I am pretty new to the concepts of machine learning and clustering. I have installed Weka and am trying to figure out how it works. Currently, I have my training data as below.
@relation weather
@attribute year real
@attribute temperature real
@attribute warmer {yes,no}
@data
1956 , 68.98585 , yes
1957 , 67.52131 , yes
1958 , 65.853386 , no
1959 , 66.32705 , yes
1960 , 65.89773 , no
So, I am trying to build a model which should predict if it is getting warmer each and every year.
If I have to predict if 1961 is warmer or cooler, should I provide my test data like below?
@relation weather
@attribute year real
@attribute temperature real
@data
1961 , 70.98585
I have removed the column warmer which I want to predict using the training set I provided earlier. I can use any algorithm that Weka provides me (J48, BayesNet etc).

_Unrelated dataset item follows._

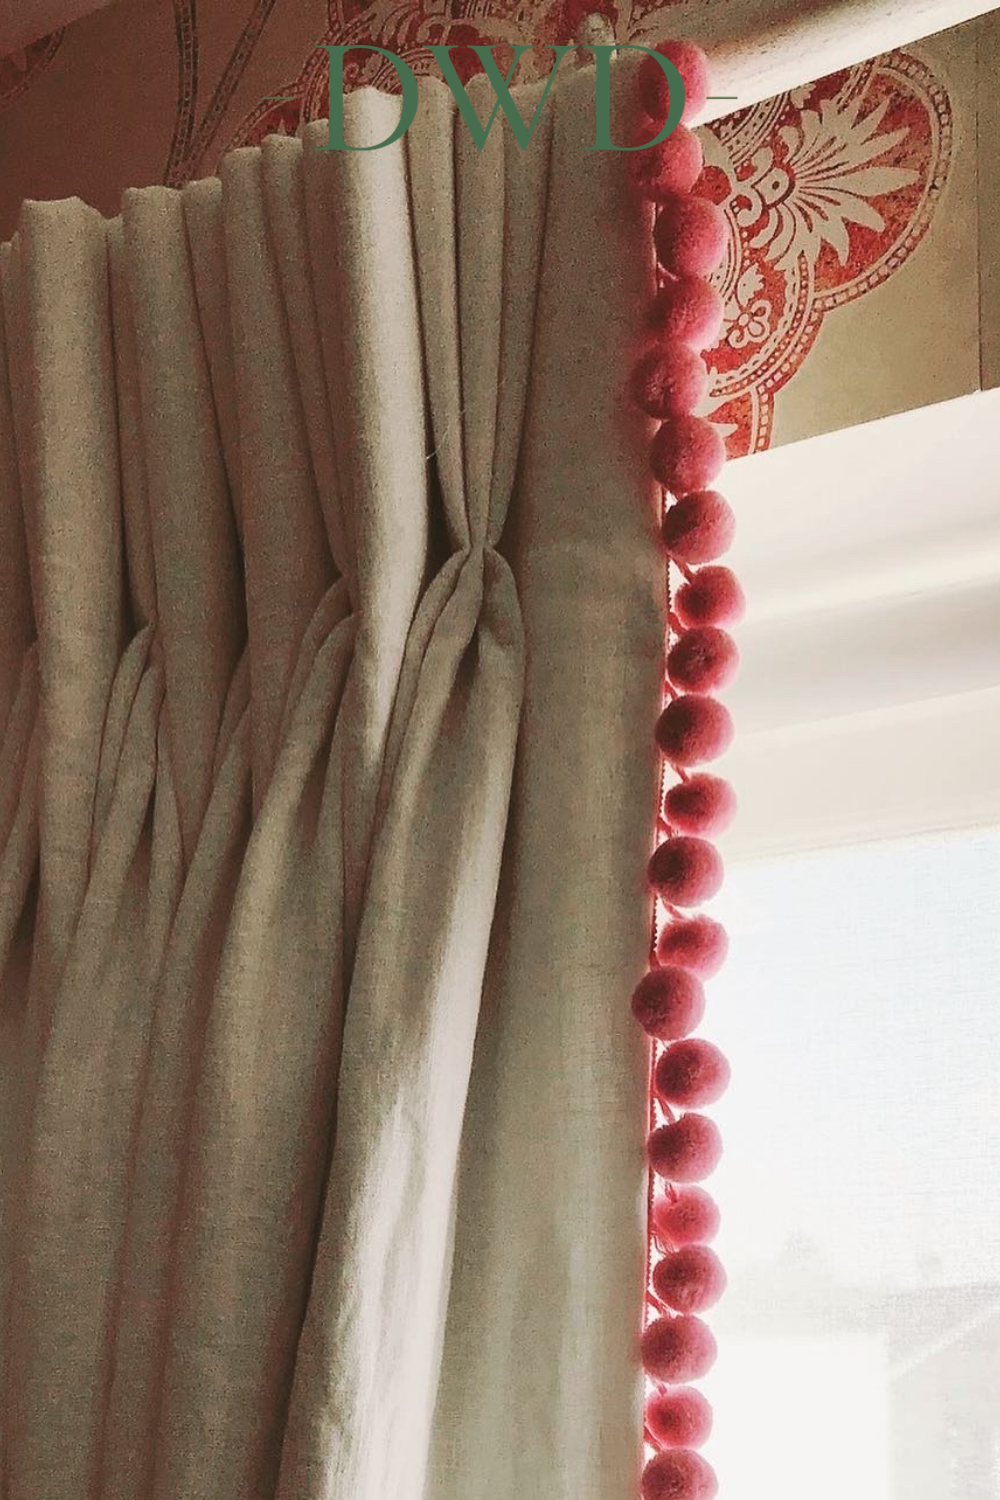 Pretty in Pink: Pink Curtains to Add a Soft Touch to Any Room
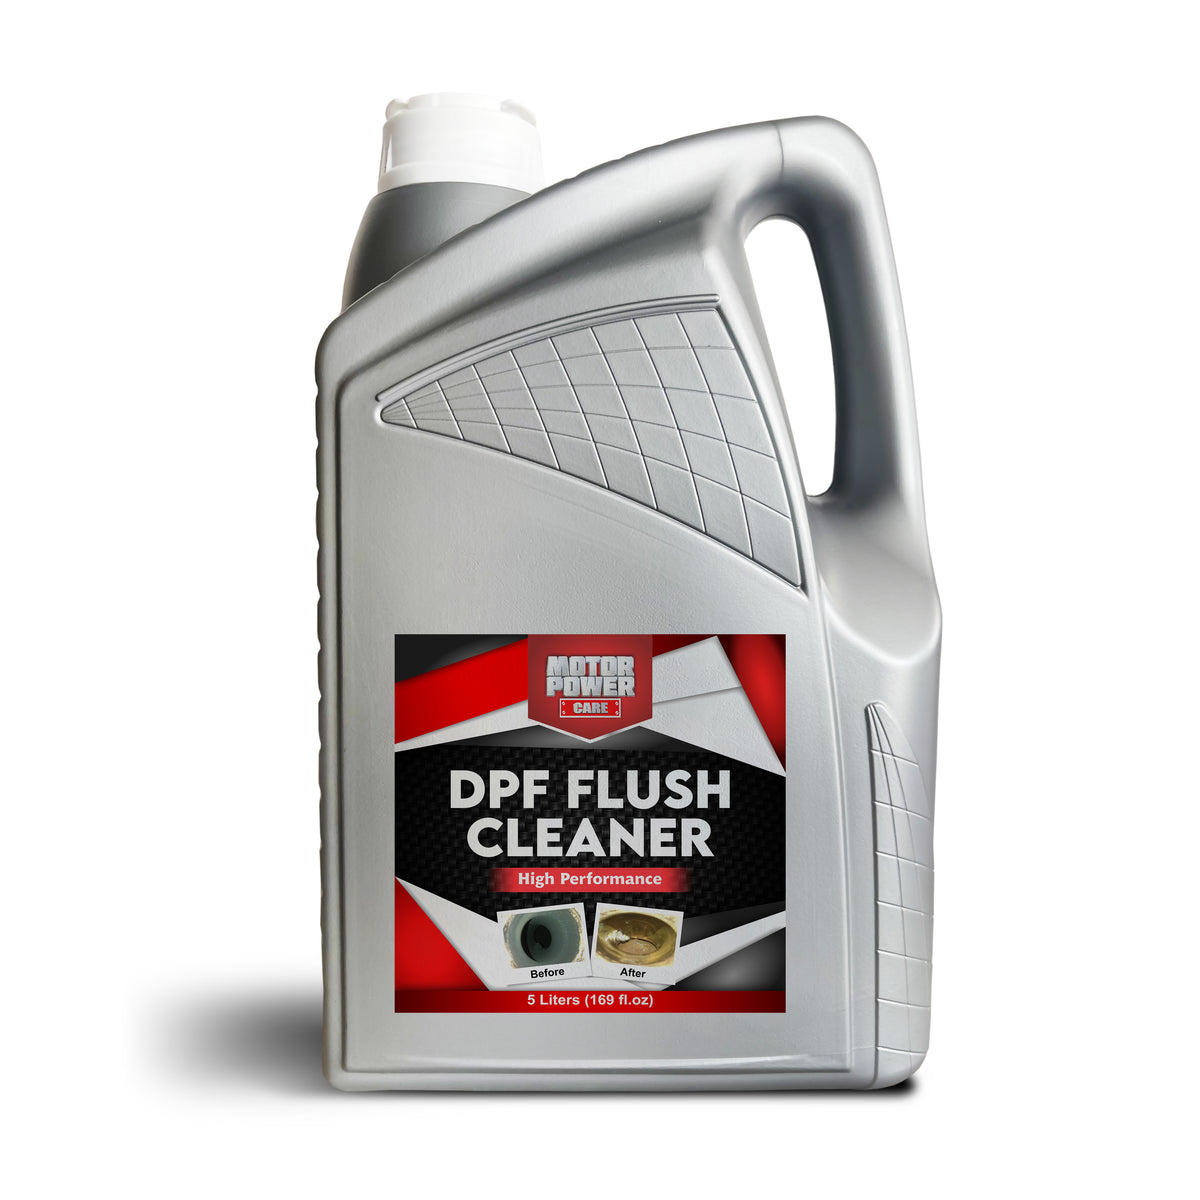 In-House DPF Cleaner Save Time and Money with Our Revolutionary

Can someone please help me out in figuring how to understand the concepts?
You don't need to make the training and test sets yourself, Weka will do that for you. Even if you do, don't delete the value to predict from the test set -- Weka will make sure that everything happens properly, but needs the actual value to determine whether a prediction is correct or not and tell you how your model performs.
Your problem is a classification problem, i.e. you want to predict the label "yes" or "no". Not all of the algorithms in Weka are applicable, but the ones that are not are greyed out (if you use the GUI).
On a more general note, you're unlikely to get good results with the data that you have. This is more of a time series prediction task (i.e. given these past values, how will it develop in the future), for which Weka doesn't really offer the algorithms. You can find some more information on Wikipedia.
To get better models with Weka, you could add the temperature value from the previous year (or the previous 2 years) as a feature, but ultimately it sounds like you want to use something that can do time series analysis and predictions.